What the exercise asks | Take the listing below and write it out again exactly, skipping any picture that it holds.

Input data |

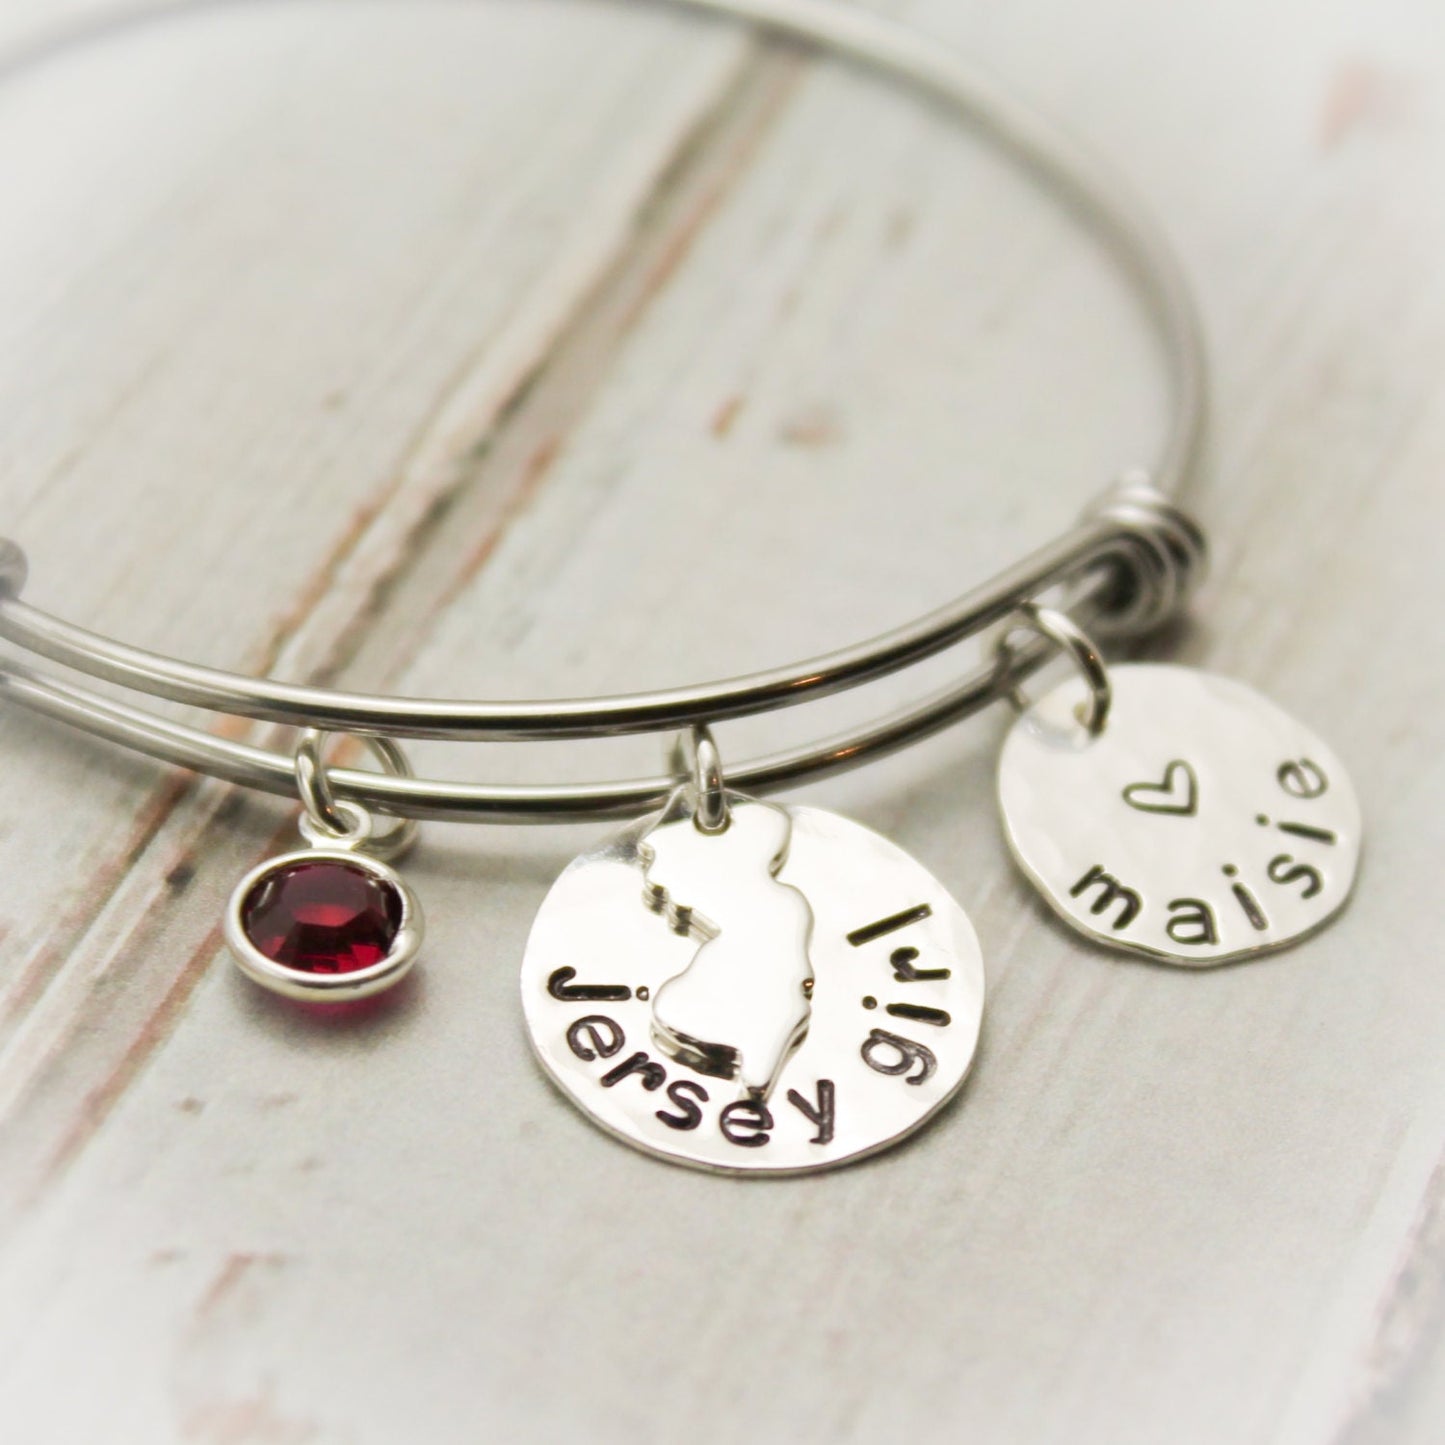 Jersey Girl Bangle Personalized Hand Stamped Jewelry
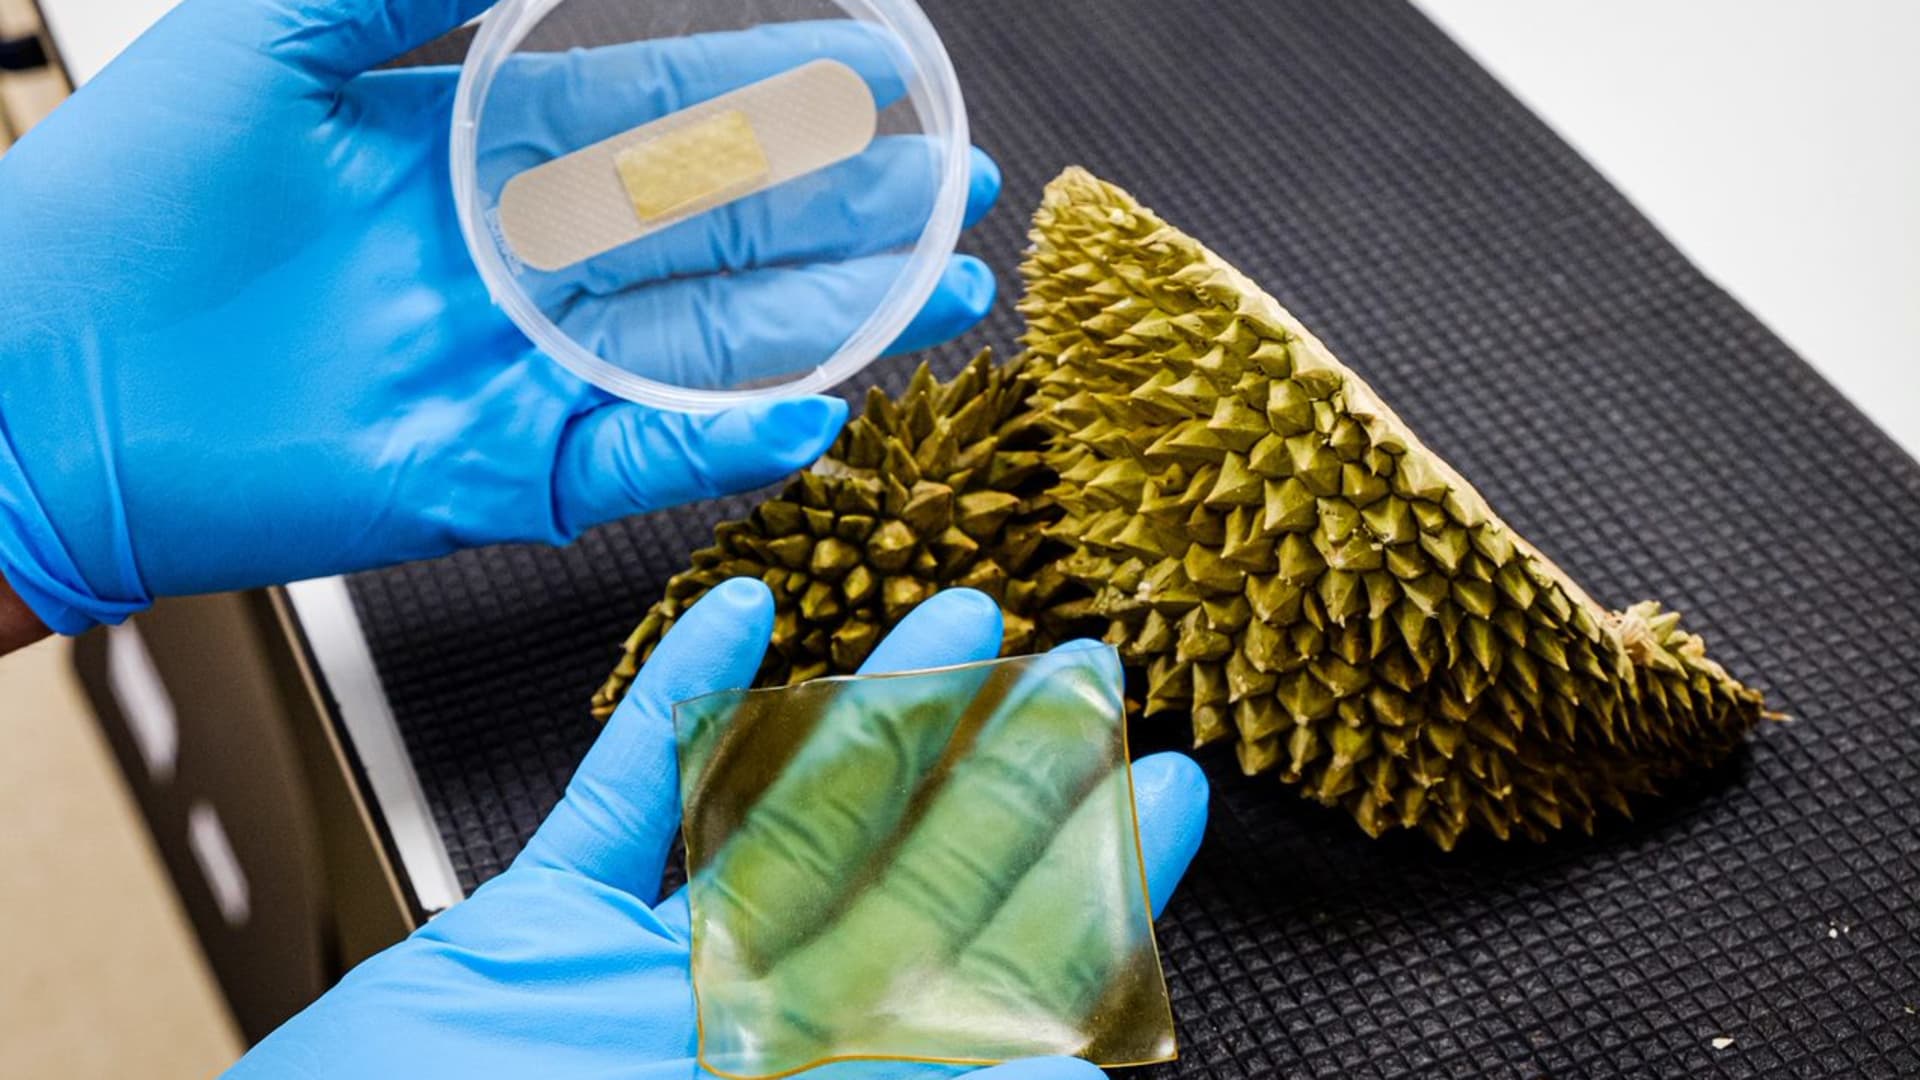 Scientists at Nanyang Technological University developed a hydrogel bandage made of upcycled durian husks.
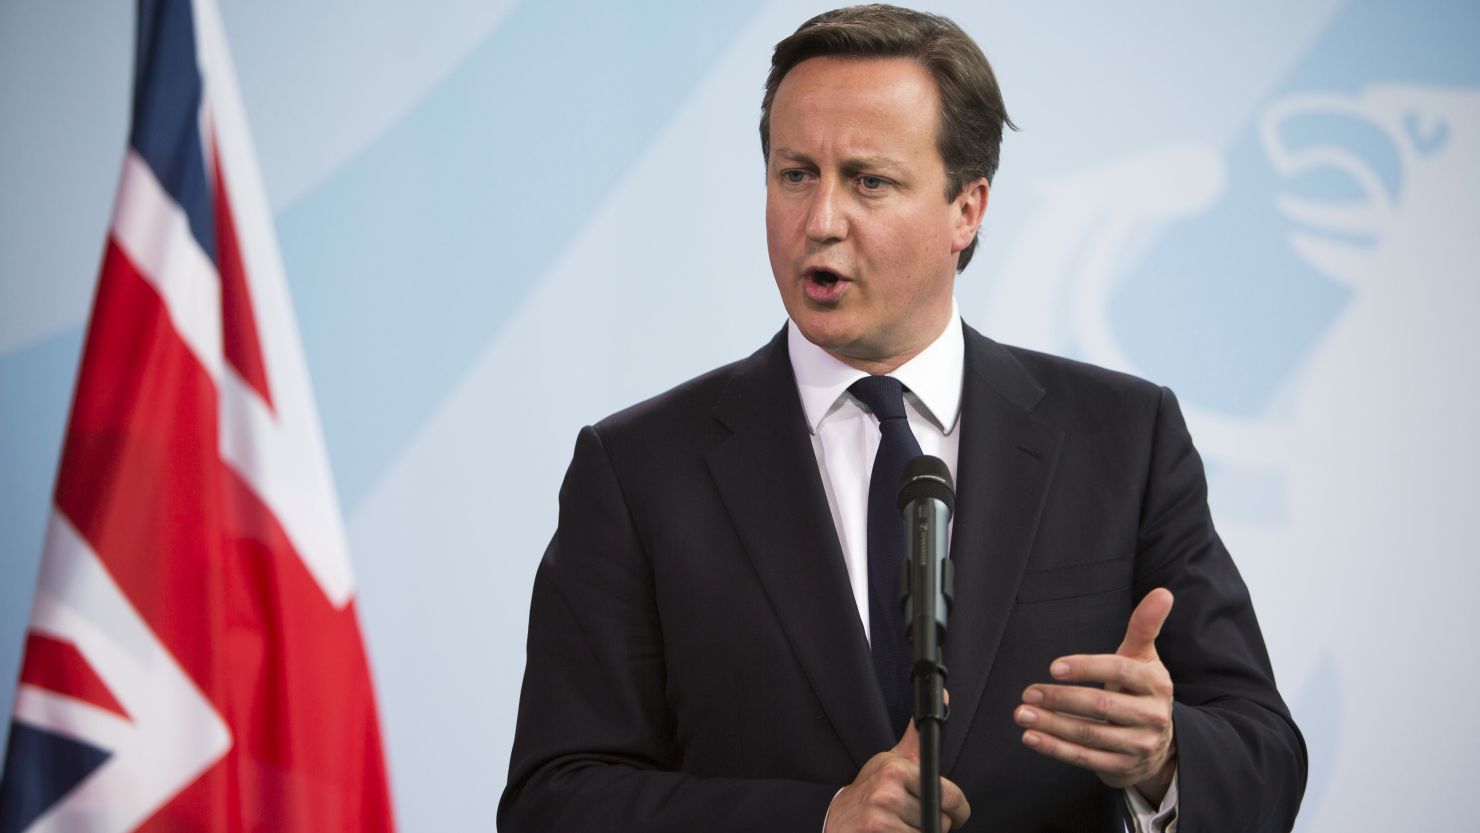 British Prime Minister David Cameron made a surprise visit to the troops in Afghanistan, Thursday.

Reply |
 Jersey Girl Bangle Personalized Hand Stamped Jewelry
 Scientists at Nanyang Technological University developed a hydrogel bandage made of upcycled durian husks.
 British Prime Minister David Cameron made a surprise visit to the troops in Afghanistan, Thursday.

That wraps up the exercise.